E se la plastica non fosse davvero plastica? Non è metafisica, ma bioplastica ed è il nuovo modo di pensare il monouso. Grazie al materiale con cui è composta, può essere raccolta nell’organico dove si decompone nell’arco di 90 giorni, rilasciando CO2, acqua, zuccheri e sale. Al momento la bioplastica è meno economica di quella inquinante, ma l’Italia è la più grande produttrice di plastica compostabile e con il divieto plastica monouso la richiesta aumenterà e i prezzi ipoteticamente potrebbero scendere.

Inoltre, i clienti vedono la scelta ecologica come un comportamento virtuoso del locale e da un’indagine di Coldiretti, sembra che il 68% degli italiani sia disposto a pagare un sovraprezzo per questi prodotti.

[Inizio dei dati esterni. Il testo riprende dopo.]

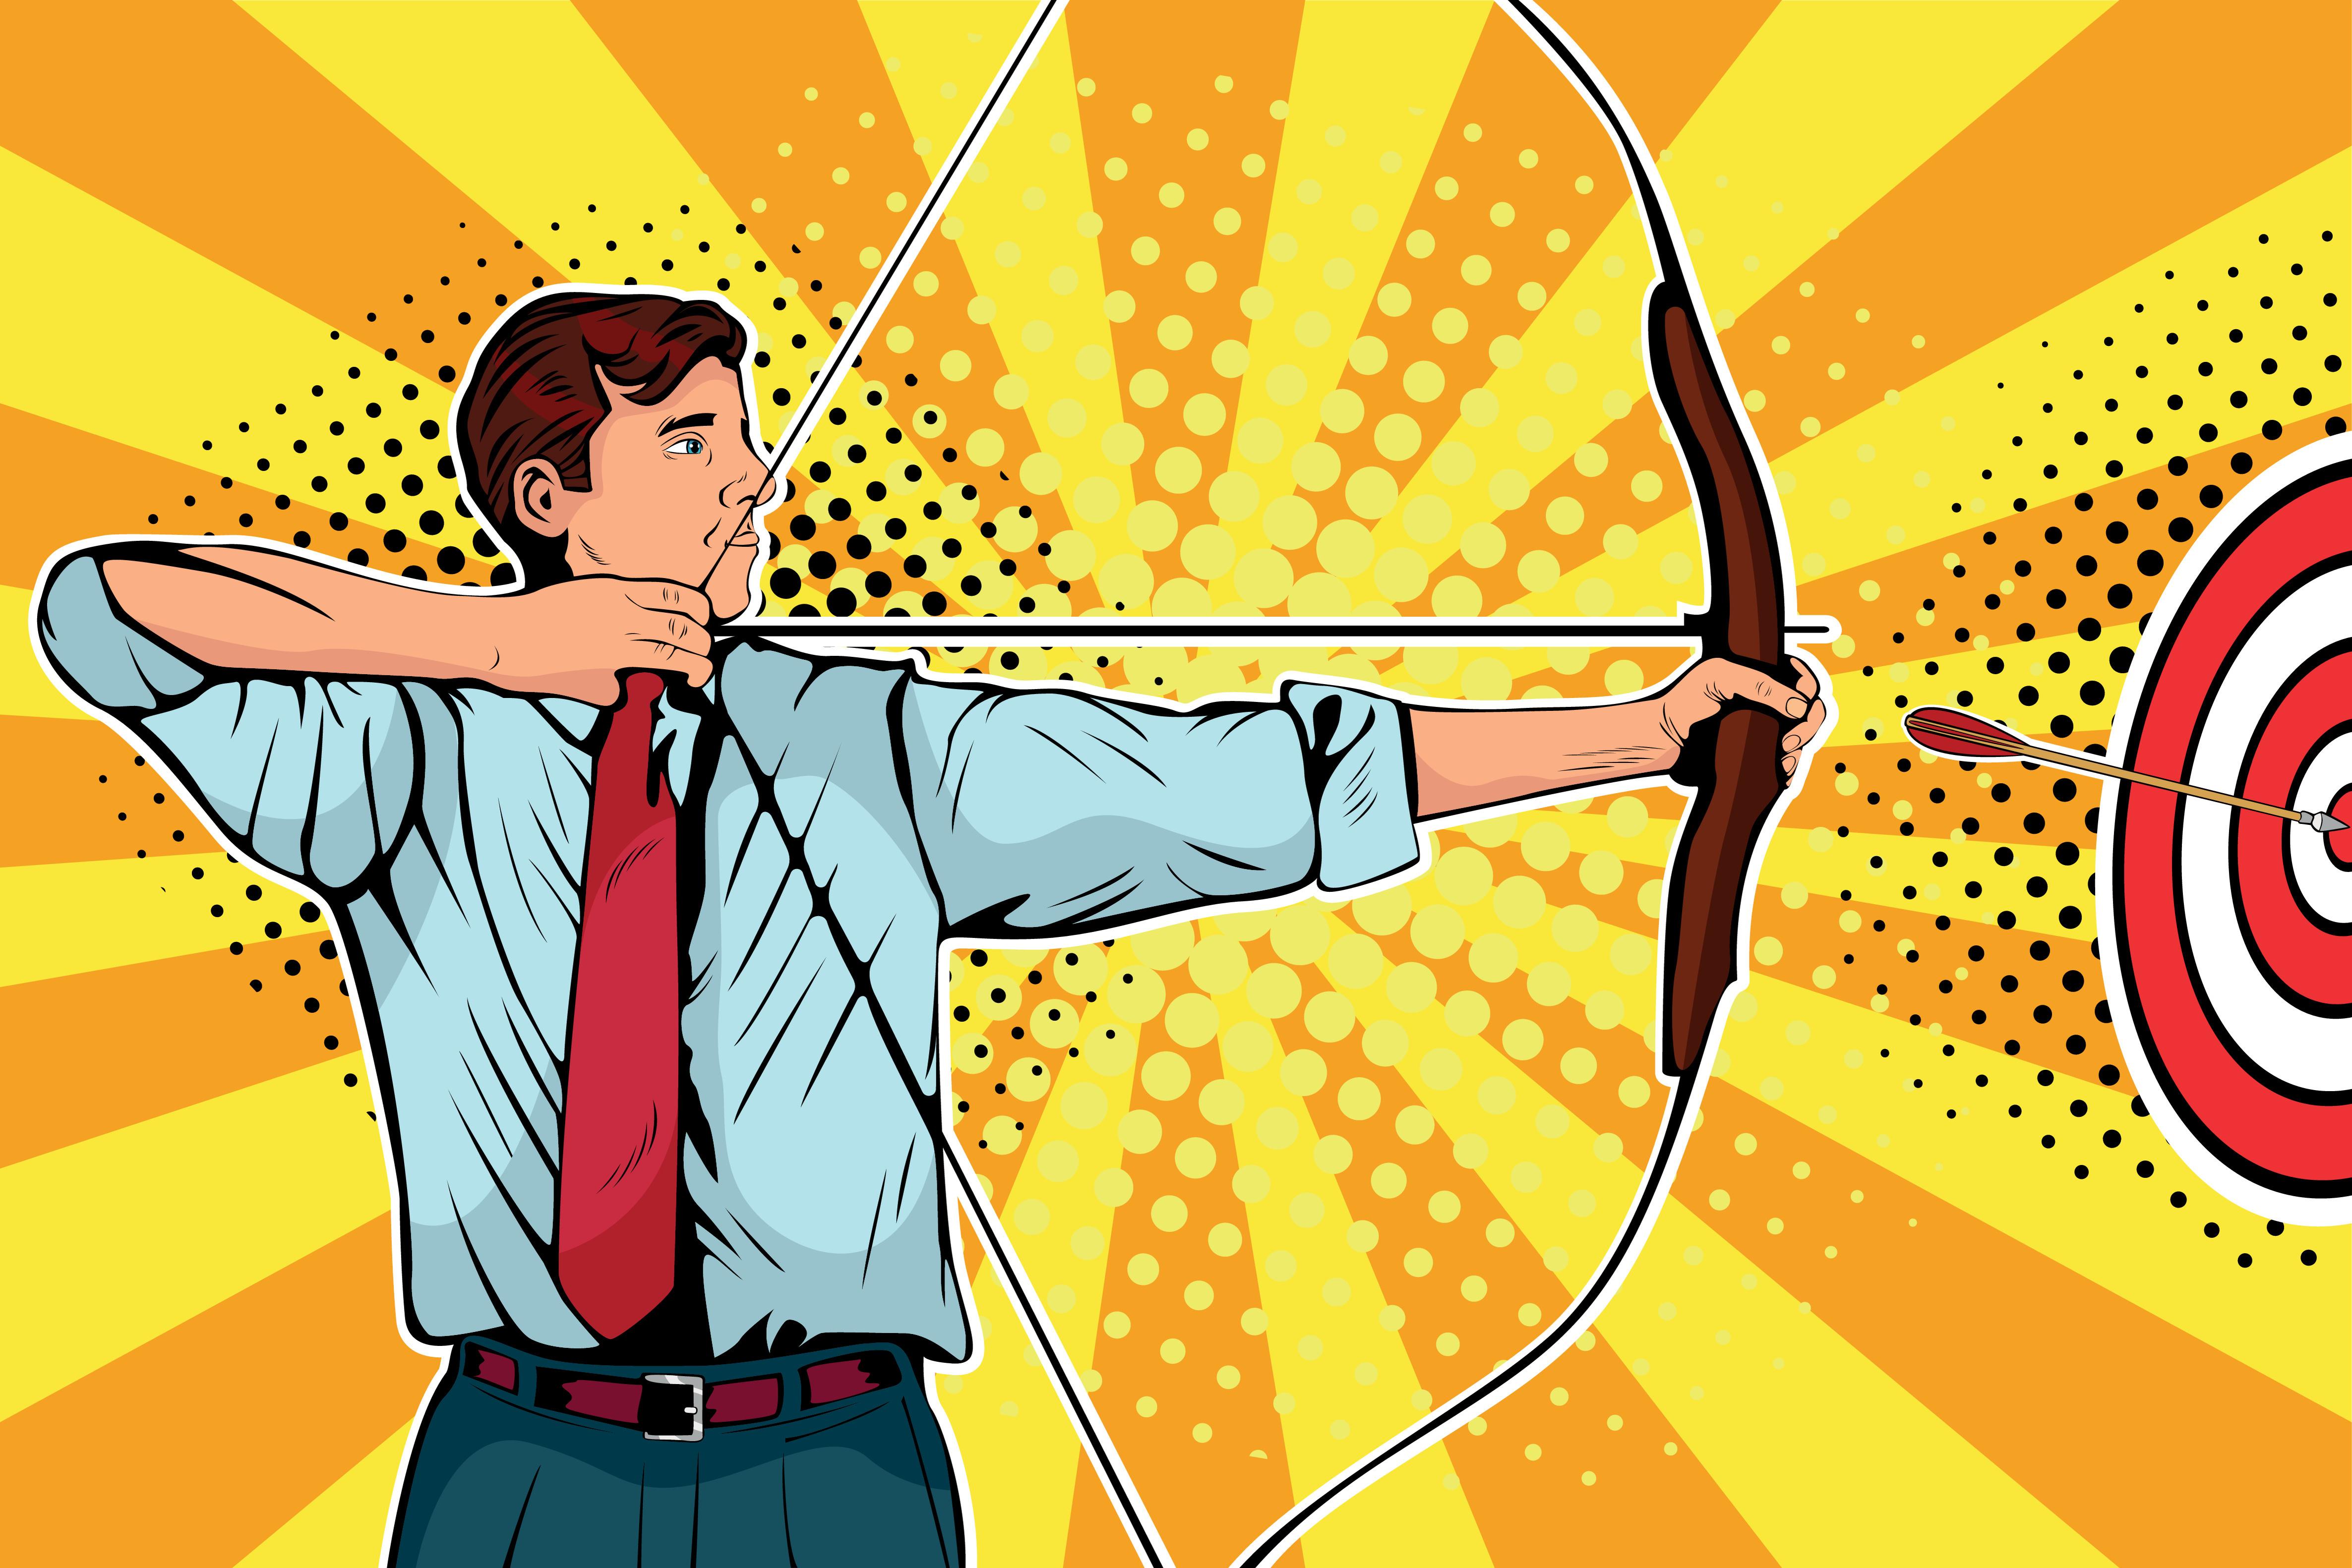 Professional man playing archery

In alternativa potete puntare su un trend ormai diffuso: il bicchiere di plastica riutilizzabile. In questo modo si risolve sia il problema dell’usa e getta sia quello delle ordinanze cittadine che vietano il vetro in strada. Vi basterà mettere una cauzione sul bicchiere (da 0,50 a 2 euro) per assicurarvi che torni indietro e potrete anche personalizzarli con il nome del vostro locale.

3. Fidelizzate con il plastic free

A proposito di brandizzare i bicchieri, valutate di fare un passo più lungimirante verso la fidelizzazione dei clienti con la filosofia zero plastica. Se la vostra clientela è particolarmente sensibile al tema, realizzate delle borracce termiche con logo, nome e riferimenti social del bar. Sfruttate al meglio questo oggetto per farvi conoscere online, chiedendo ai clienti di pubblicare delle foto con la loro bottiglia riciclabile taggando il profilo del locale.

Premiate chi utilizza recipienti riciclabili, tra cui borracce e tazze take away riutilizzabili. Come? Con un piccolo sconto, un’offerta dedicata o una speciale raccolta punti per il pubblico più eco-friendly.

I dati in Italia parlano chiaro: c’è più consapevolezza green sia per i clienti che per i gestori, disposti cavalcare l’onda green e proporre un’offerta attenta ai temi del momento. E se i costi del cambiamento vi spaventano, provate a rivedere il vostro business plan e a risparmiare su altro, come food cost e utenze.